The rigorous lambda is returned in e(lambda)
and, in this example, is equal to 79.207801
.
. di e(lambda)
We get the same result when specifying the rigorous lambda manually using the
lambda()
option of lassologit:
. lassologit v58 v1-v57, lambda(79.207801)
Prediction #
After selecting a model, we can use predict to obtain predicted probabilities or linear predictions.
First, we select a model using lic()
in combination with postresults
as above:
. lassologit v58 v1-v57
. lassologit, lic(ebic) postresults
Then, we use predict
:
. predict double phat, pr
. predict double xbhat, xb
pr
saves the predicted probability of success and xb
saves the linear predicted
values.
Note that the use of postresults
is required.
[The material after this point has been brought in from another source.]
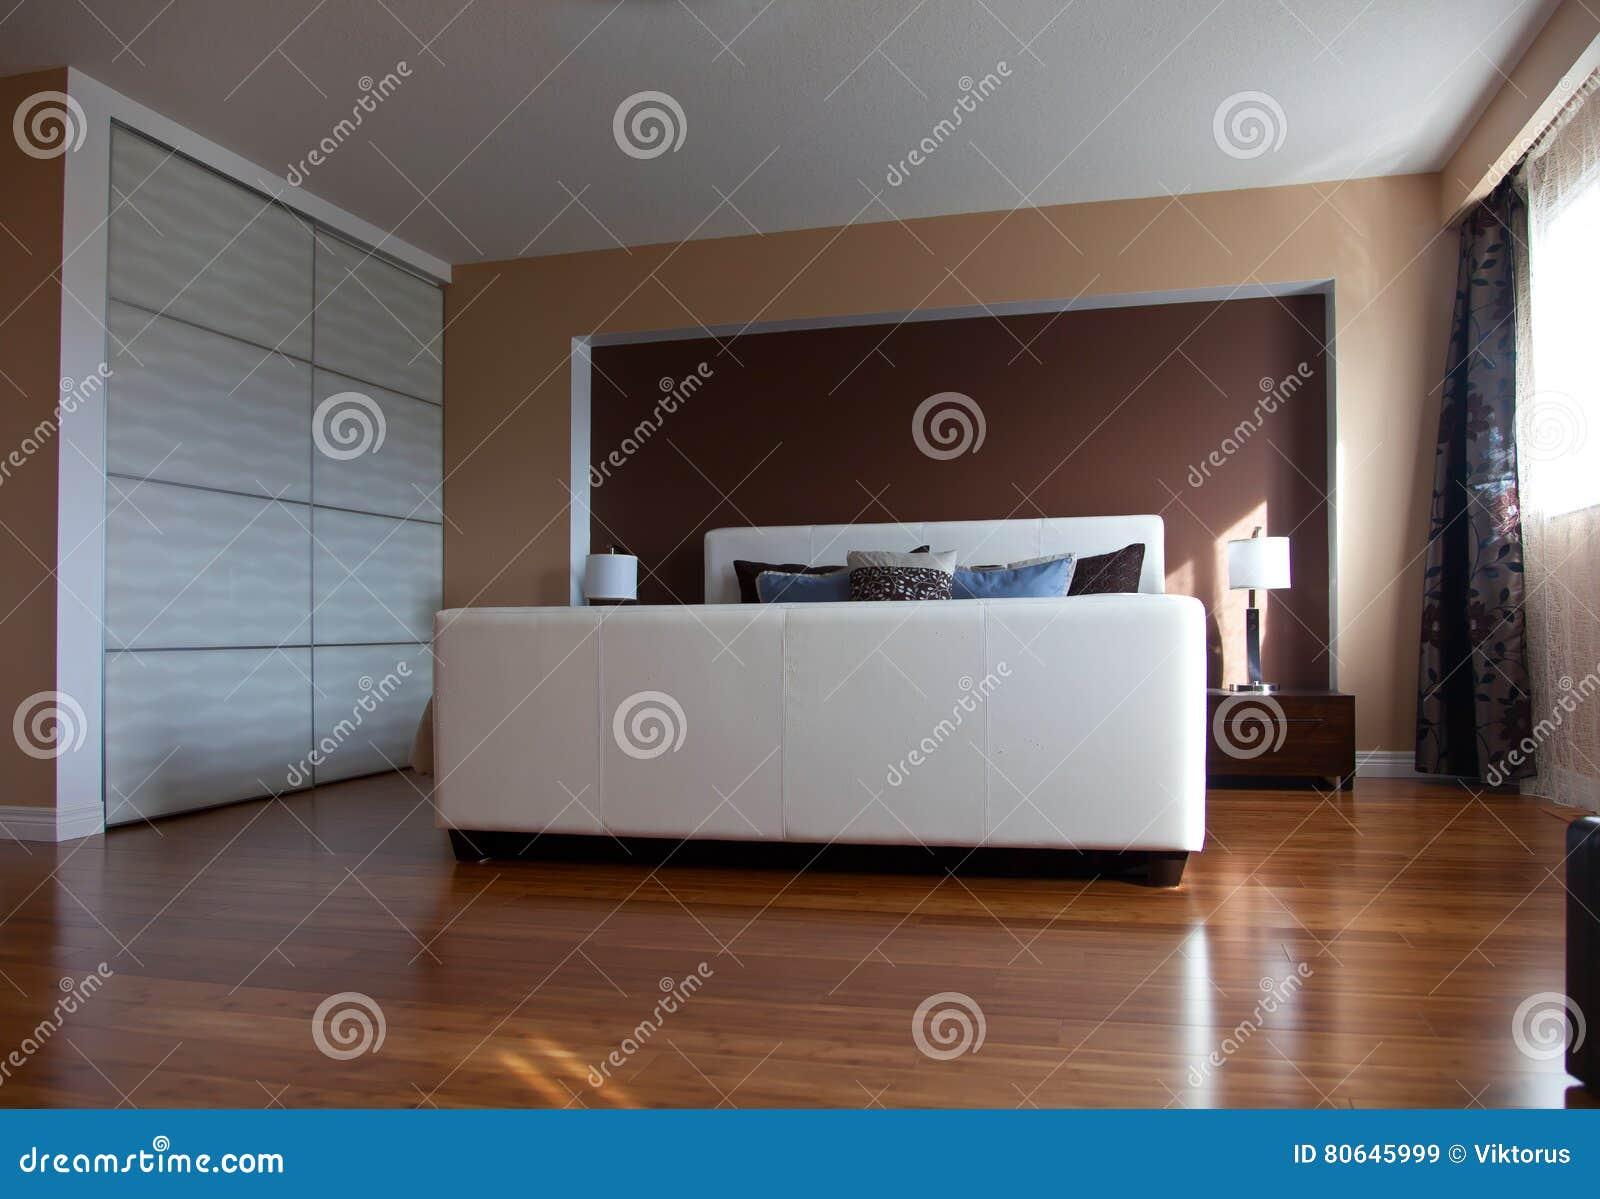 Vendita pannelli decorativi per pareti interne for Layout della camera familiare

Without postresults
the results
of the estimation with the selected penalty level are not stored.
The approach for cvlassologit
is very similar:
. cvlassologit v58 v1-v57
. cvlassologit, lopt postresults
. predict double phat, pr
In the case of rlassologit
, we don’t need to select a specific penalty level and
we also don’t need to specify postresults
.
. rlassologit v58 v1-v57
. predict double phat, pr
Assessing prediction accuracy with holdout() #
We can leave one partition of the data out of the estimation sample and check
the accuracy of prediction using the holdout(varname)
option.
We first define a binary holdout variable:
. gen myholdout = (_n>4500)
There are 4,601 observations in the sample, and we exclude observations 4,501 to 4,601 from the estimation. These observations are used to assess classification accuracy. The holdout variable should be set to 1 for all observations that we want to use for assessing classification accuracy.
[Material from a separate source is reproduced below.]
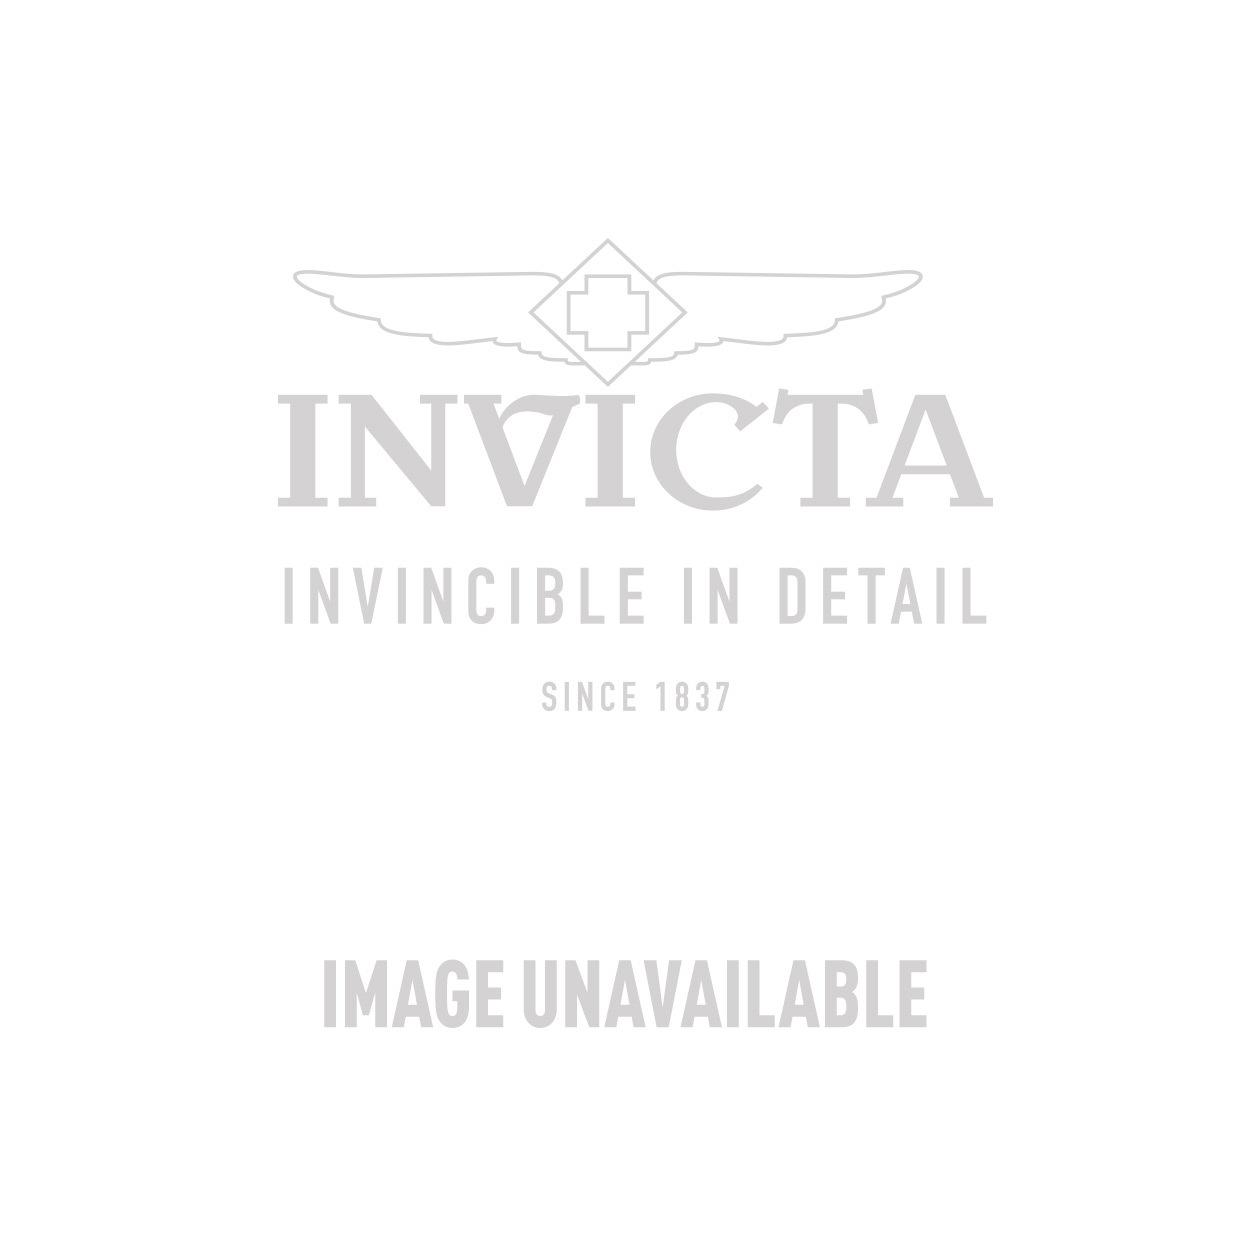 Invicta Model 27790
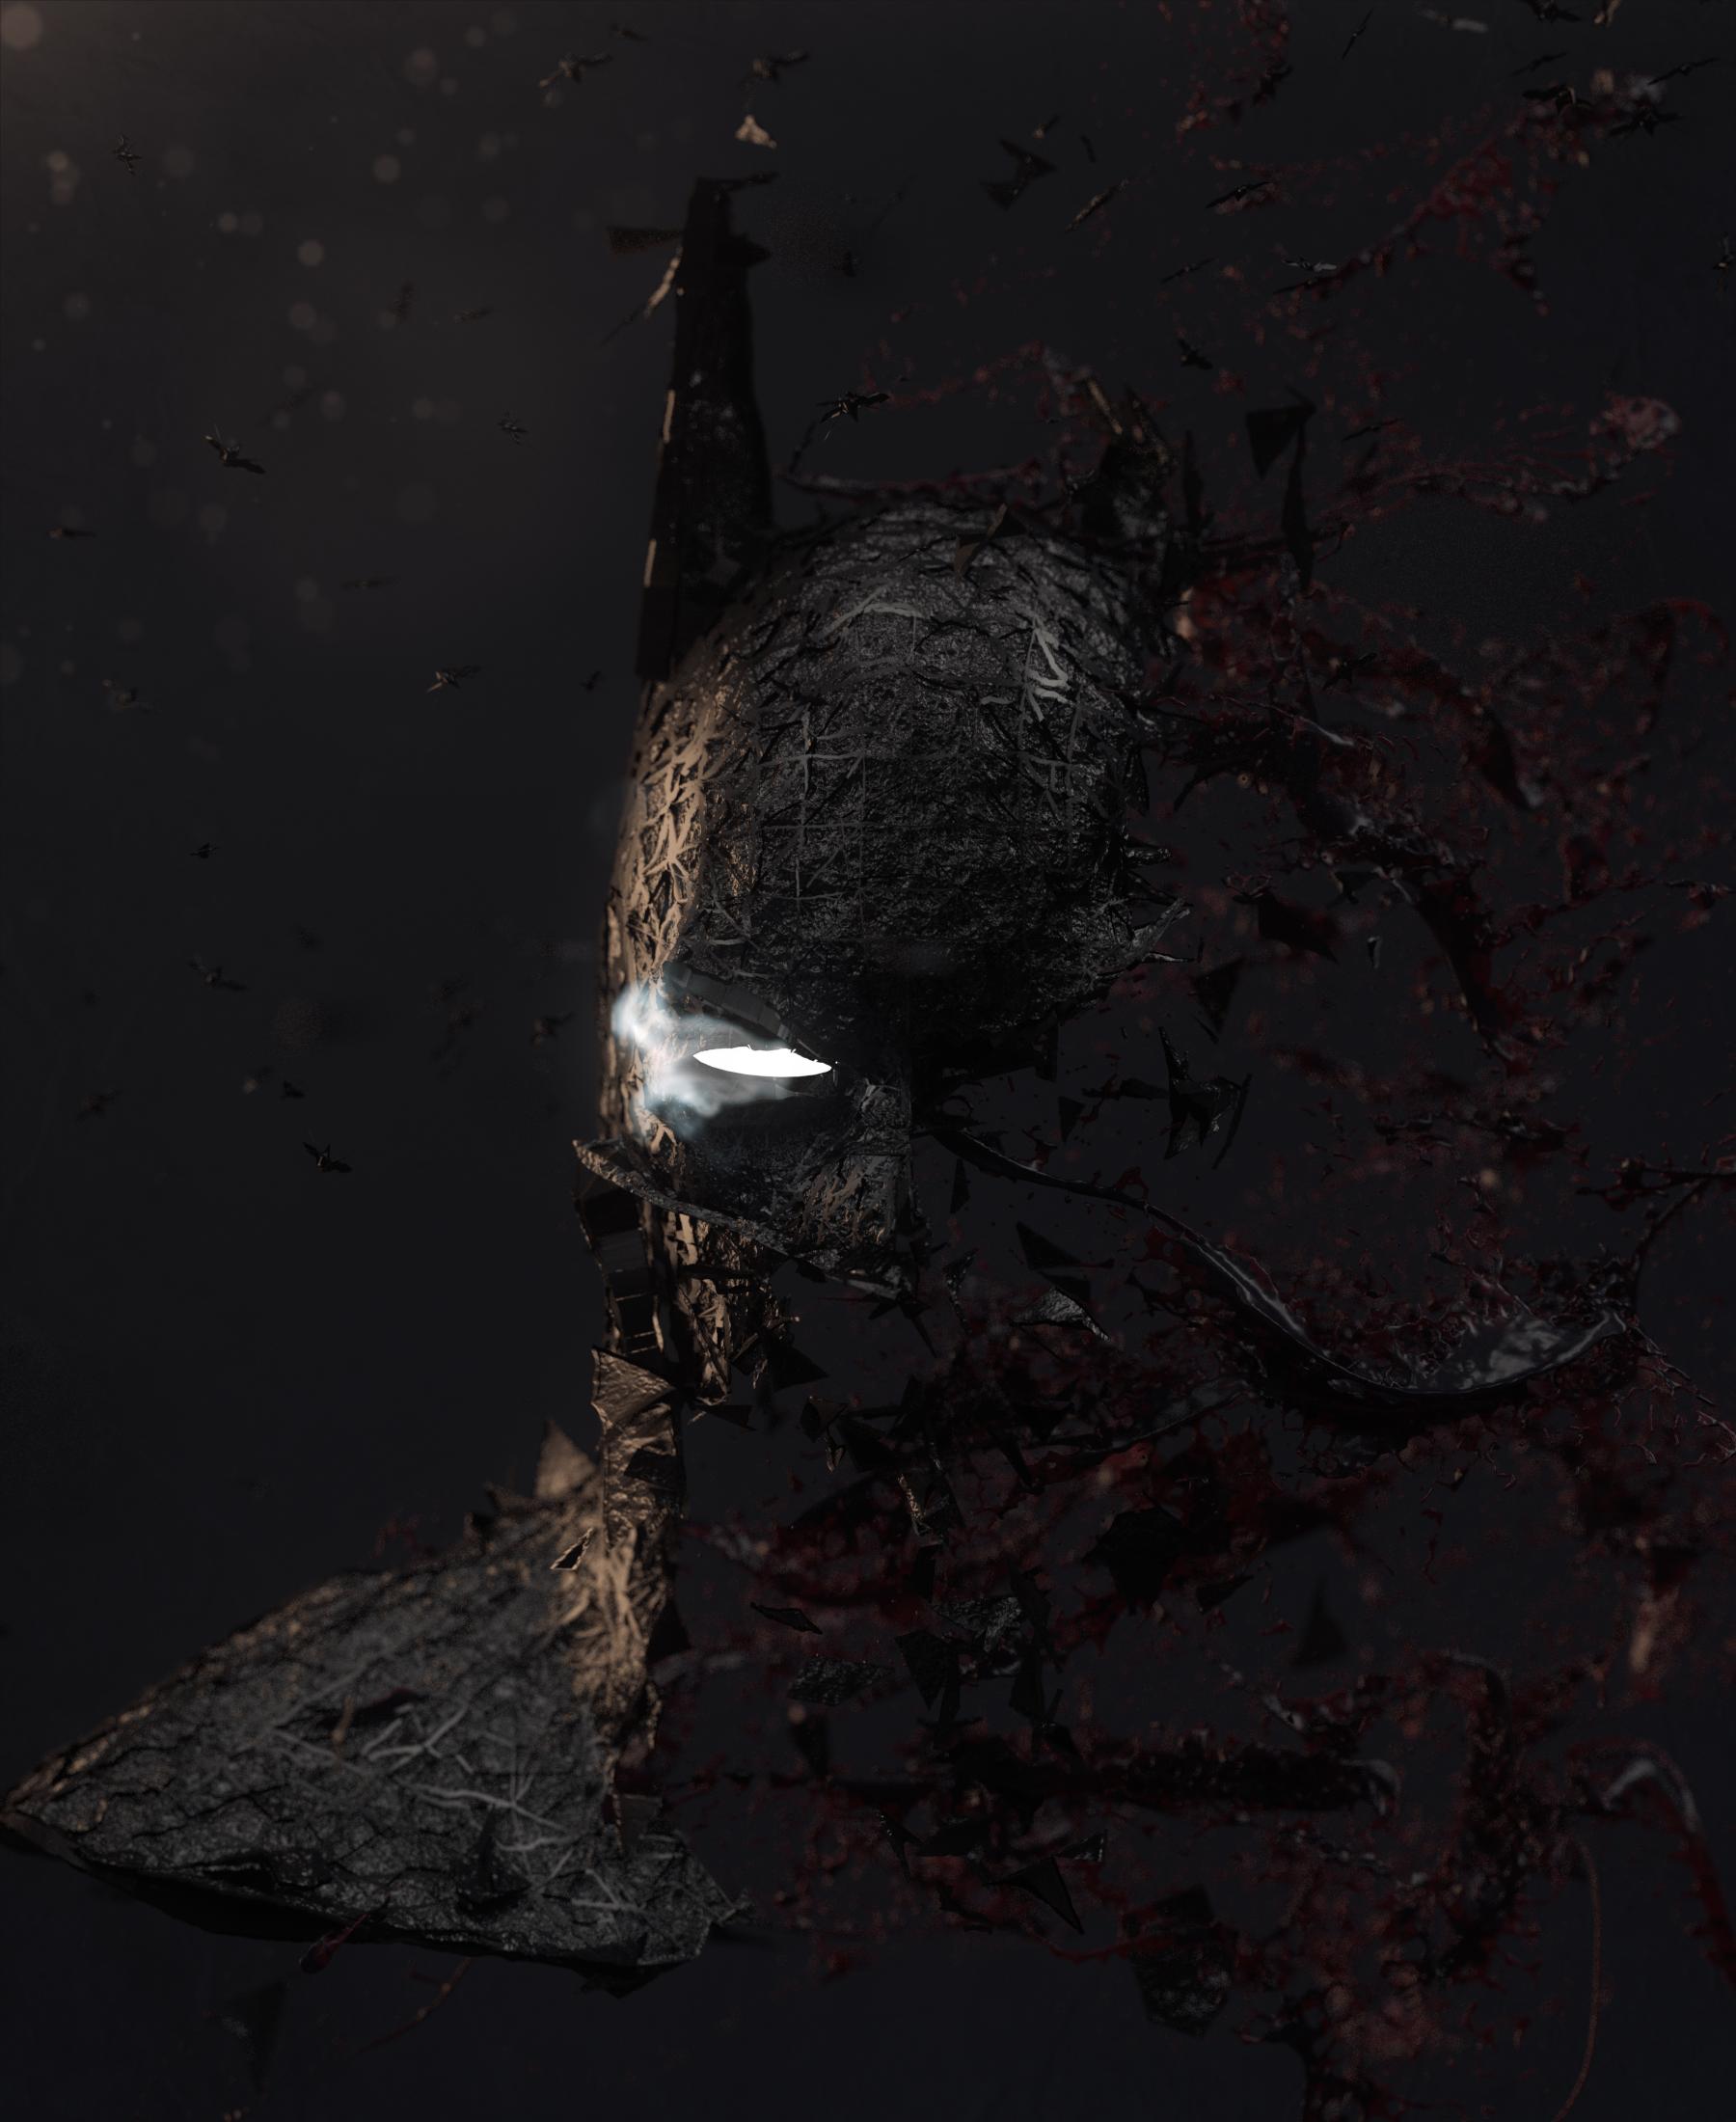 batman_abstract_2k.png

. lassologit v58 v1-v57, holdout(myholdout)
. mat list e(loss)
. rlassologit v58 v1-v57, holdout(myholdout)
. mat list e(loss)
The loss measure is returned in e(loss)
. As with cross-validation, deviance is
used by default. lossmeasure(class)
will return the average number of
miss-classifications.
Plotting with lassologit #
lassologit
supports plotting of the coefficient path over $$\lambda$$. Here, we
create the plot using the replay syntax, but the same can be achieved in one
line:
. lassologit v58 v1-v57
. lassologit, plotpath(lambda) plotvar(v1-v5) plotlabel plotopt(legend(off))
In the above example, we use the following settings: plotpath(lambda)
plots
estimates against lambda. plotvar(v1-v5)
restricts the set of variables plotted
to v1-v5
(to avoid that the graph is too cluttered). plotlabel
puts variable
labels next to the lines. plotopt(legend(off))
turns the legend off.
Plotting with cvlassologit #
The plotcv
option creates a graph of the estimates loss a function of lambda:
. cvlassologit v58 v1-v57, nfolds(3) seed(123)
. cvlassologit v58 v1-v57, plotcv
The vertical solid red line indicates the value of lambda that minimizes the loss function. The dashed red line corresponds to the largest lambda for which MSPE is within one standard error of the minimum loss.
More #
More information can be found in the help file:
help lassologit